TASK OBJECTIVE =
Word for word, set down the lines from the one that holds "German Chancellor Angela" through the final line of the listing below, and exclude every picture.

DATA EXCERPT =
[Start of section]

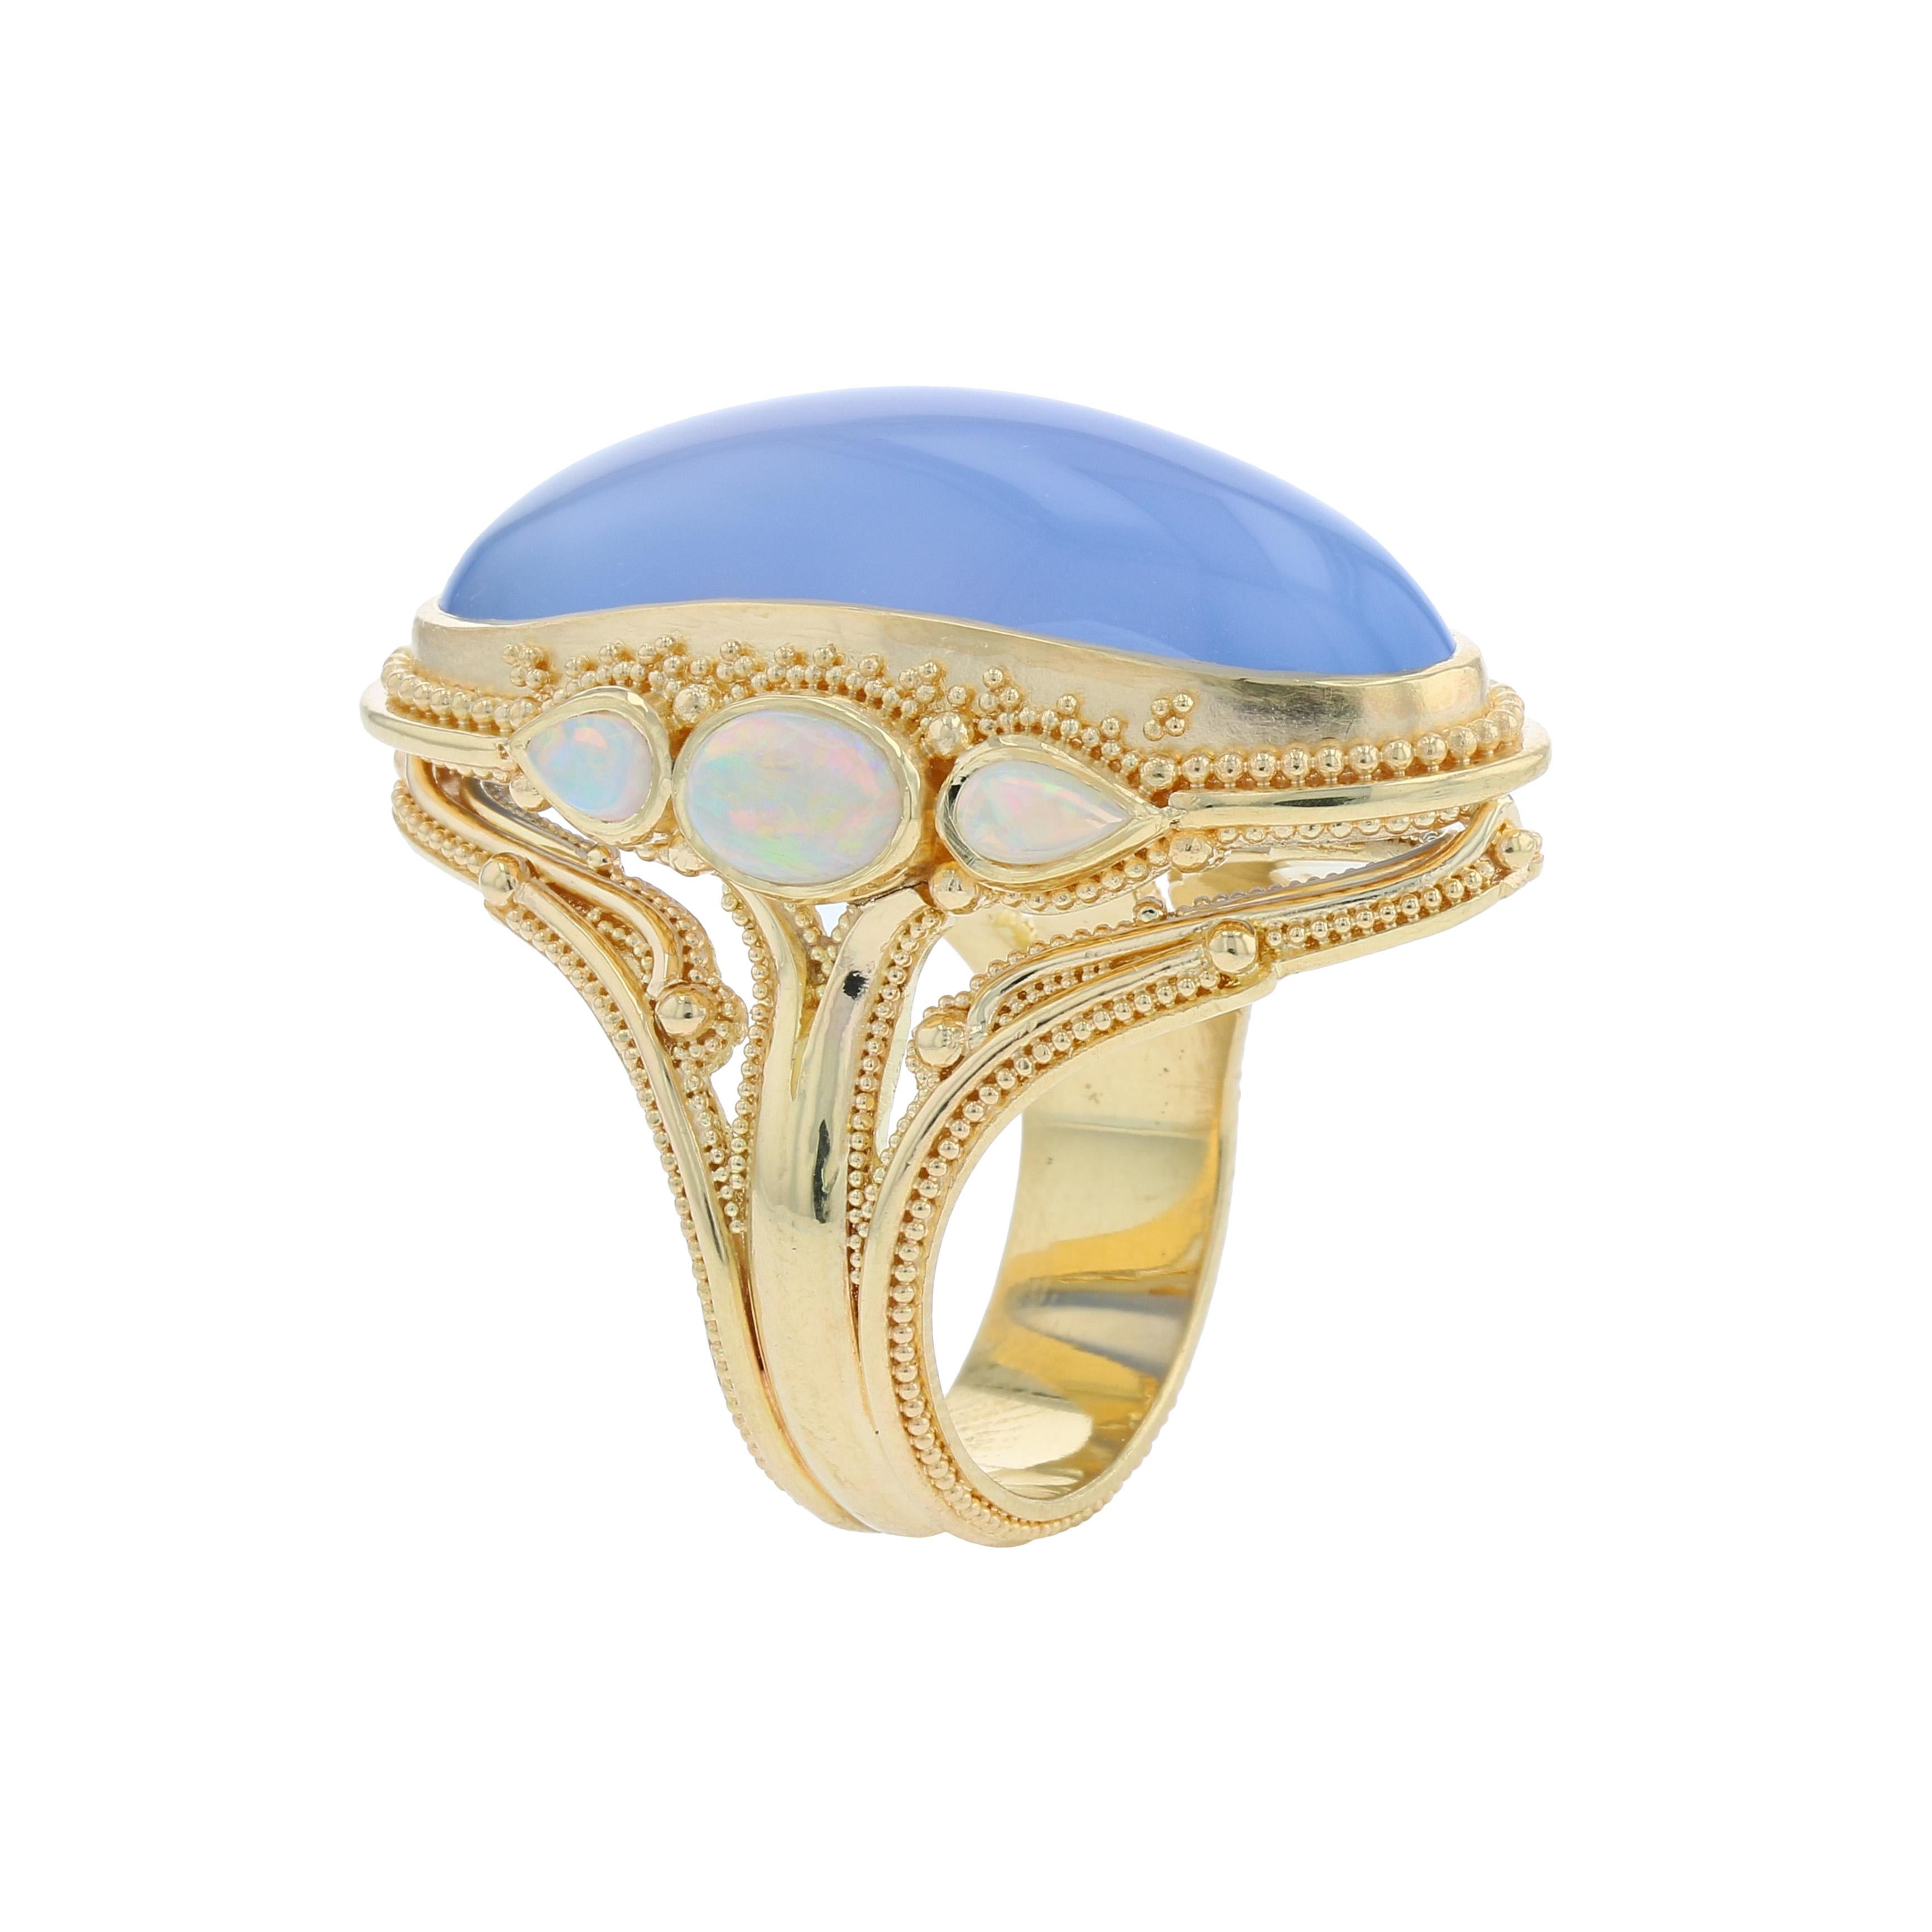 Artisan Kent Raible 18 Karat Gold Chalcedony and Opal Cocktail Ring with Granulation
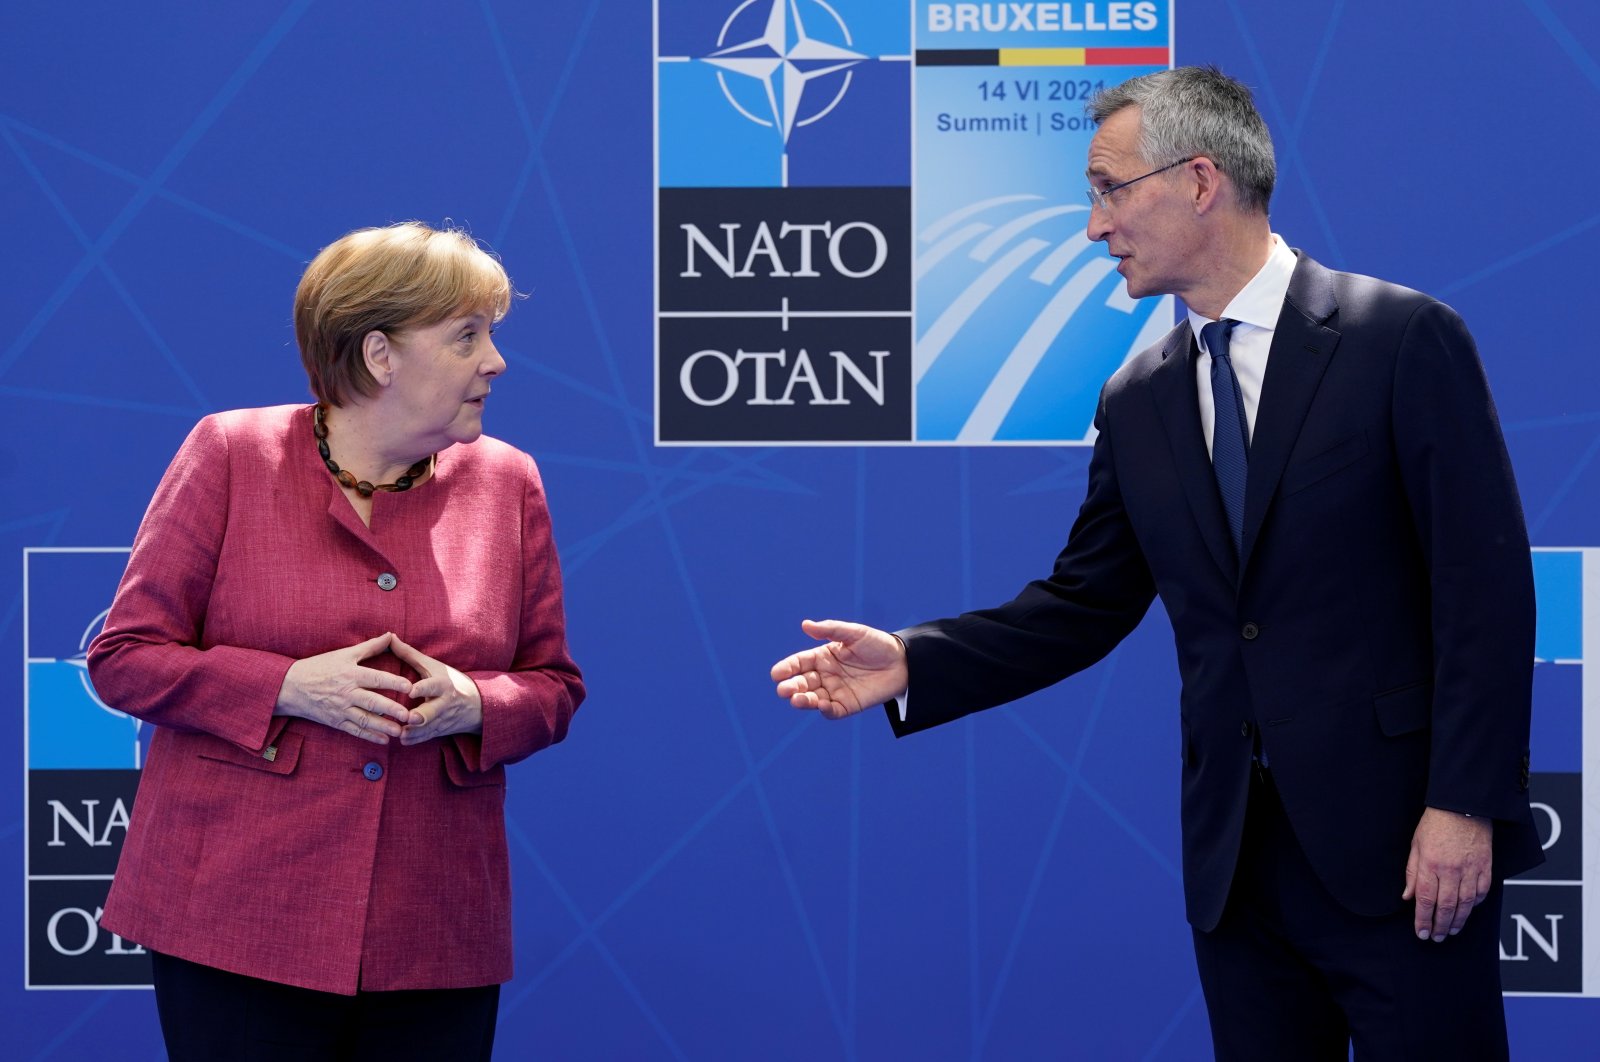 German Chancellor Angela Merkel (L) speaks with NATO Secretary-General Jens Stoltenberg as they pose for photos during the NATO summit at NATO headquarters in Brussels, Belgium, June 14, 2021. (Reuters Photo)
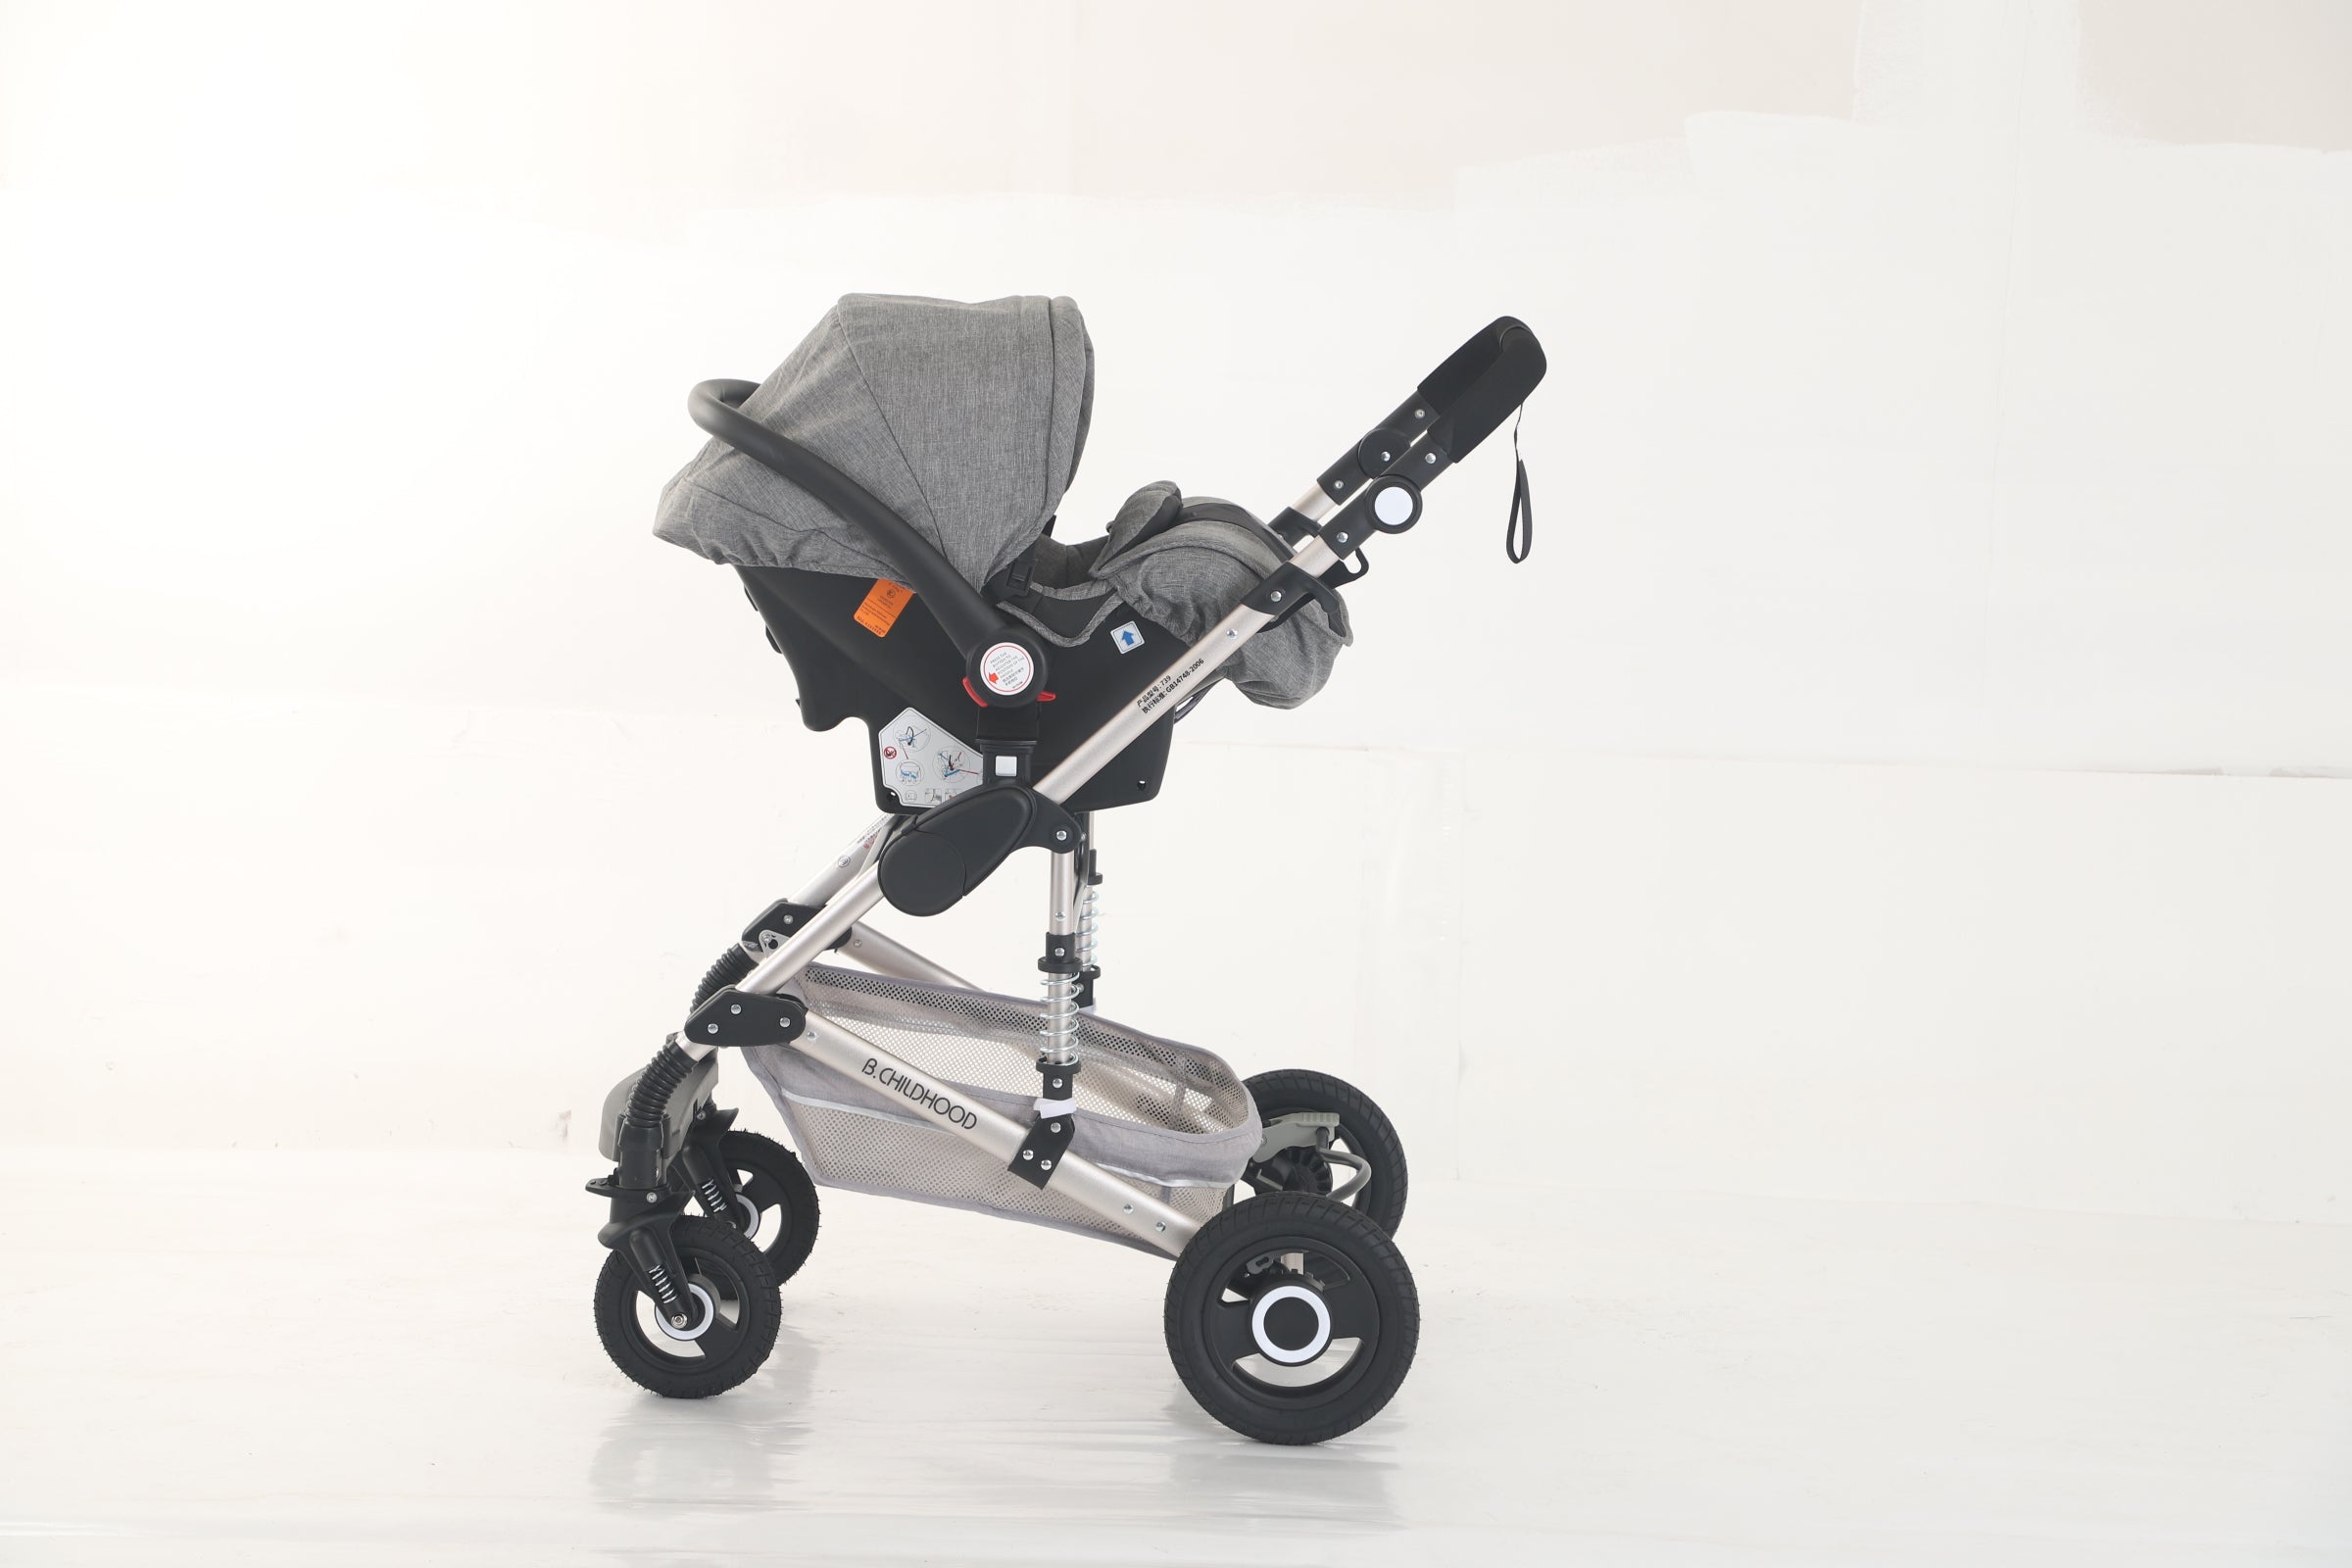 New Born Prams 3 IN 1 Baby Stroller with Car Seat Carriage

[End of section]

RESULT OF THIS EXERCISE =
 German Chancellor Angela Merkel (L) speaks with NATO Secretary-General Jens Stoltenberg as they pose for photos during the NATO summit at NATO headquarters in Brussels, Belgium, June 14, 2021. (Reuters Photo)
 New Born Prams 3 IN 1 Baby Stroller with Car Seat Carriage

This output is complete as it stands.